Quantitative evolutionary design of glucose 6-phosphate dehydrogenase expression in human erythrocytes.

Why do the activities of some enzymes greatly exceed the flux capacity of the embedding pathways? This is a puzzling open problem in quantitative evolutionary design. In this work we investigate reasons for high expression of a thoroughly characterized enzyme: glucose 6-phosphate dehydrogenase (G6PD) in human erythrocytes. G6PD catalyses the first step of the pathway that supplies NADPH for antioxidant defense mechanisms. Normal G6PD activity far exceeds the capacity of human erythrocytes for a steady NADPH supply, which is limited upstream of G6PD. However, the distribution of erythrocyte G6PD activity in human populations reveals a selective pressure for maintaining high activity. To clarify the nature of this selective pressure, we studied how G6PD activity and other parameters in a model of the NADPH redox cycle affect metabolic performance. Our analysis indicates that normal G6PD activity is sufficient but not superfluous to avoid NADPH depletion and ensure timely adaptation of the NADPH supply during pulses of oxidative load such as those that occur during adherence of erythrocytes to phagocytes.
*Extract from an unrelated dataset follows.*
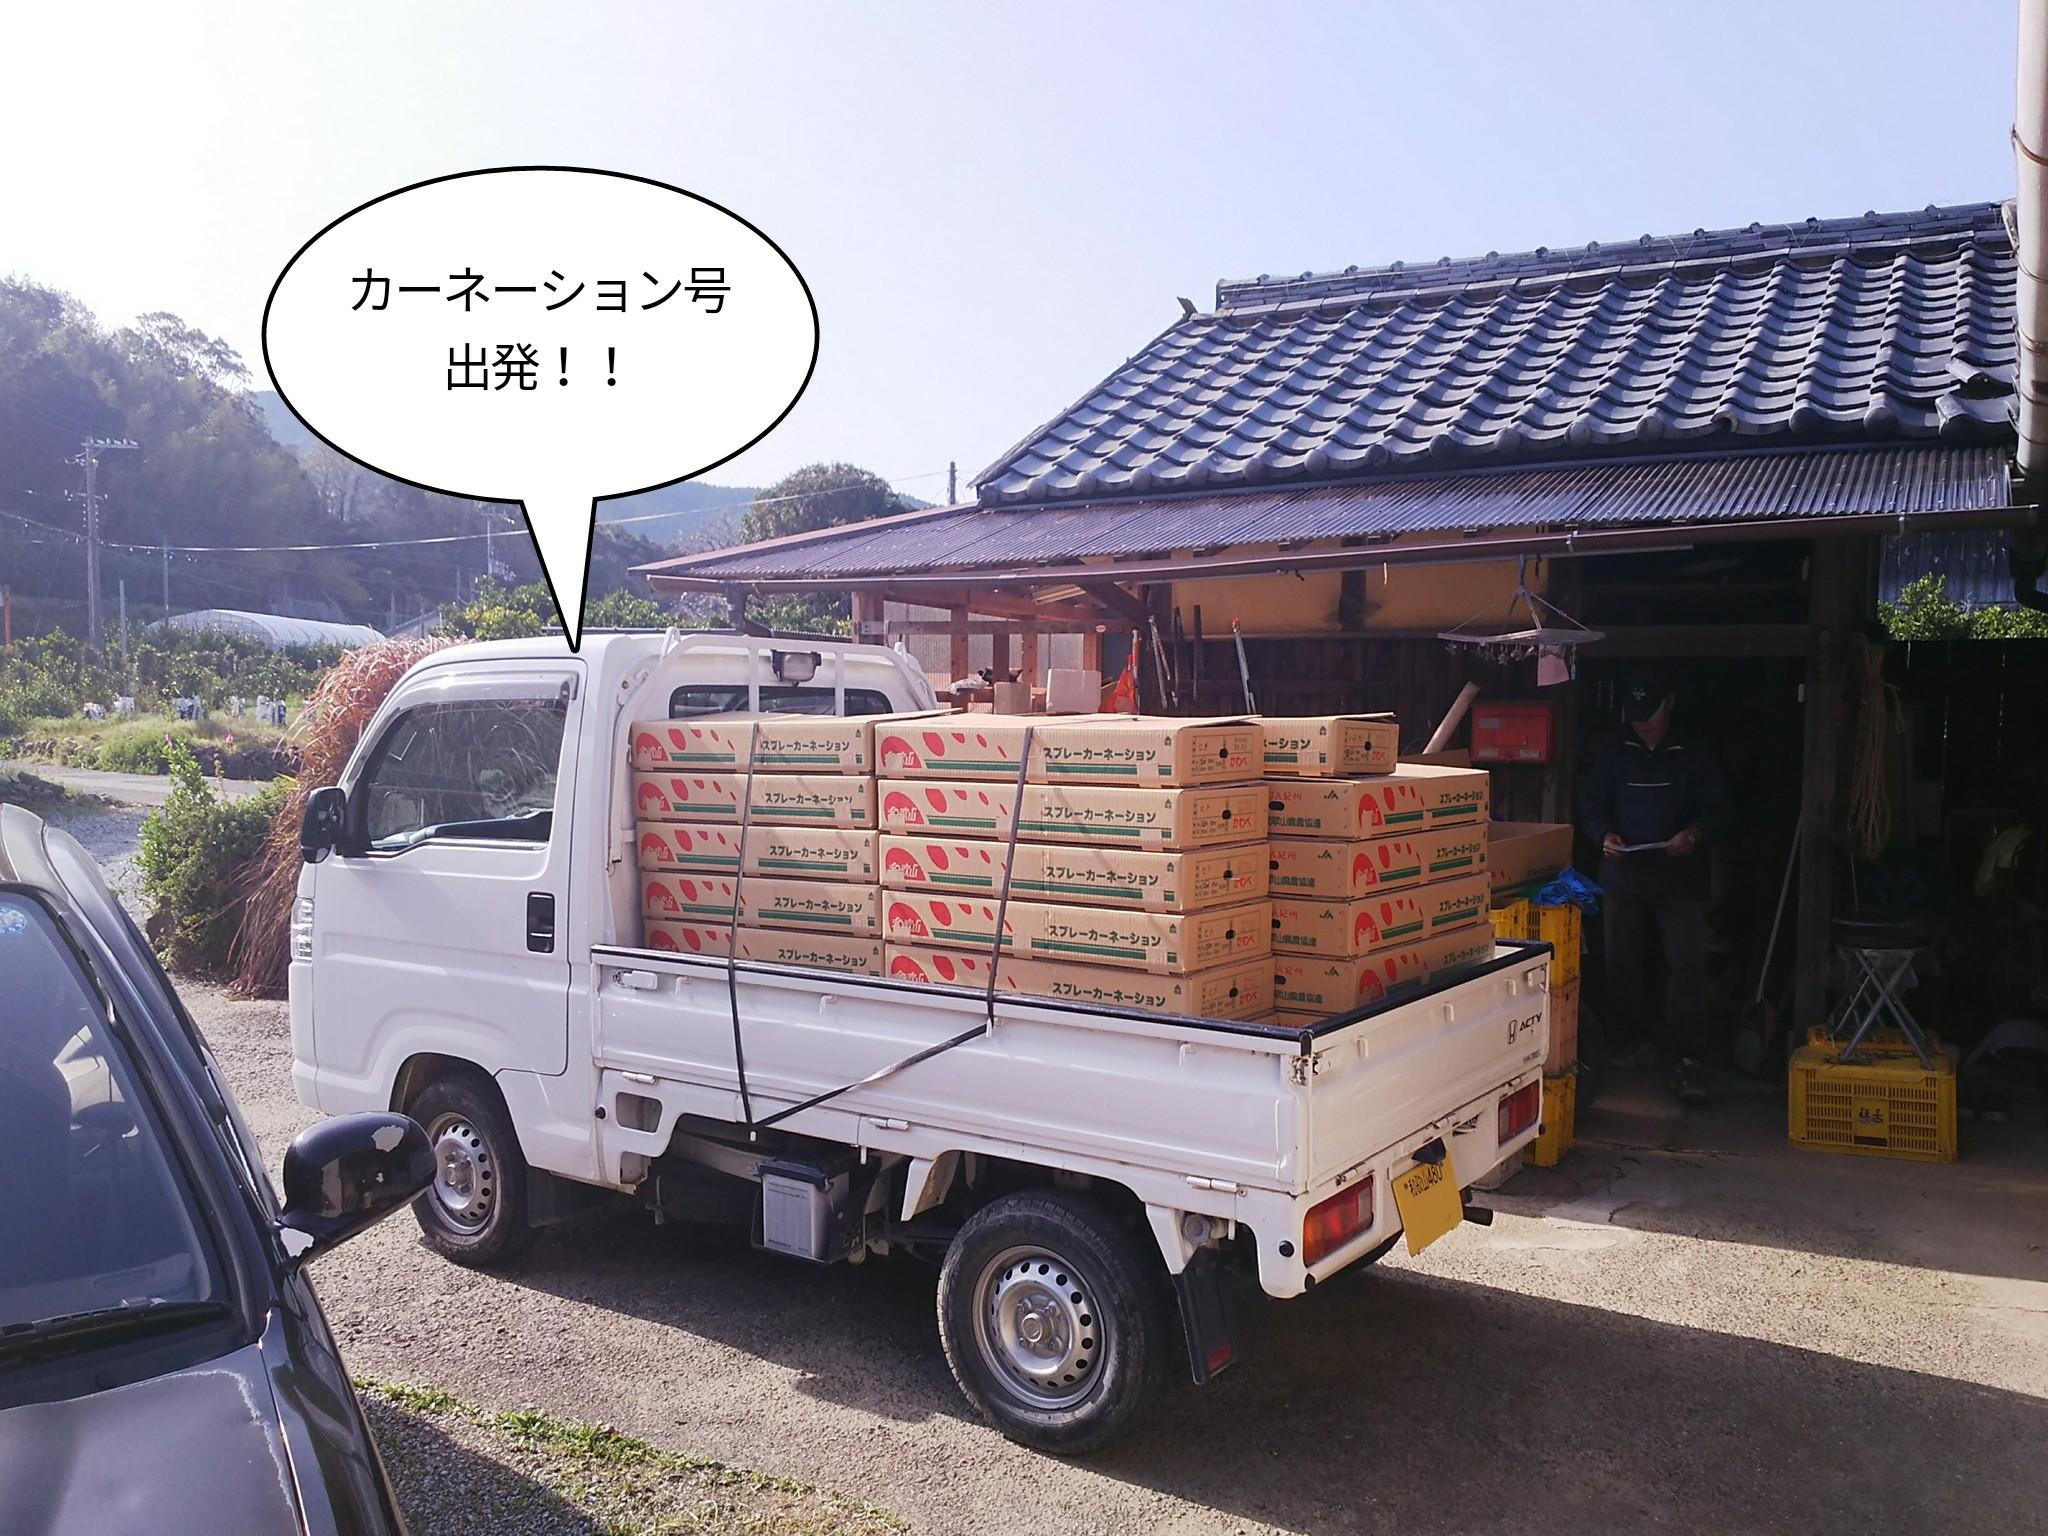 カーネーション号出発!!
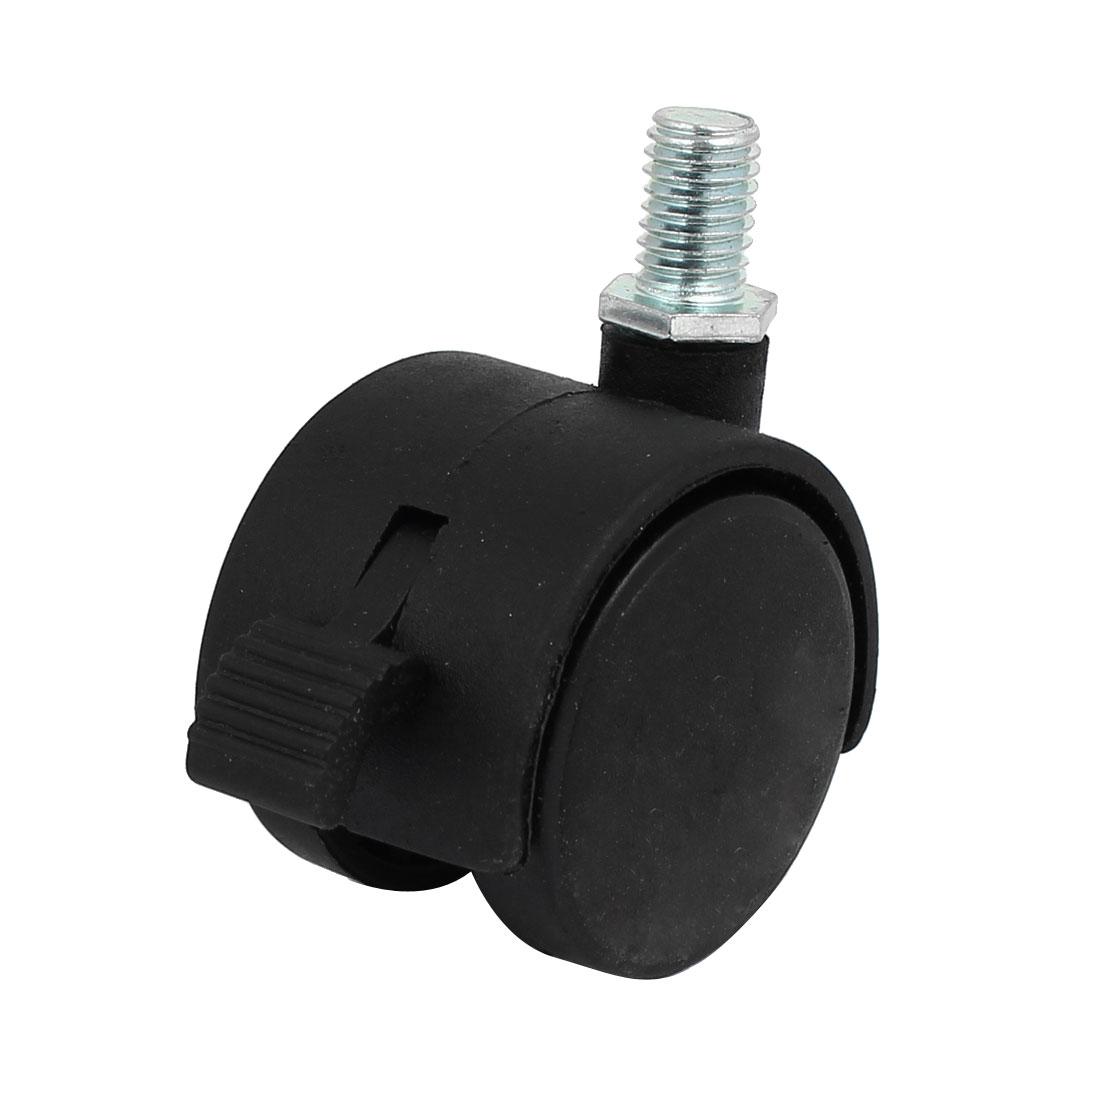 """10mm x 15mm Threaded Stem 1.5"""" Wheel Dia Swivel Brake Caster Black for Chair"""

These results suggest that large excess capacities found in some biochemical and physiological systems, rather than representing large safety factors, may reflect a close match of system design to unscrutinized performance requirements. Understanding quantitative evolutionary design thus calls for careful consideration of the various performance specifications that biological components/processes must meet in order for the organism to be fit. The biochemical systems framework used in this paper is generally applicable for such a detailed examination of the quantitative evolutionary design of gene expression levels in other systems.[1]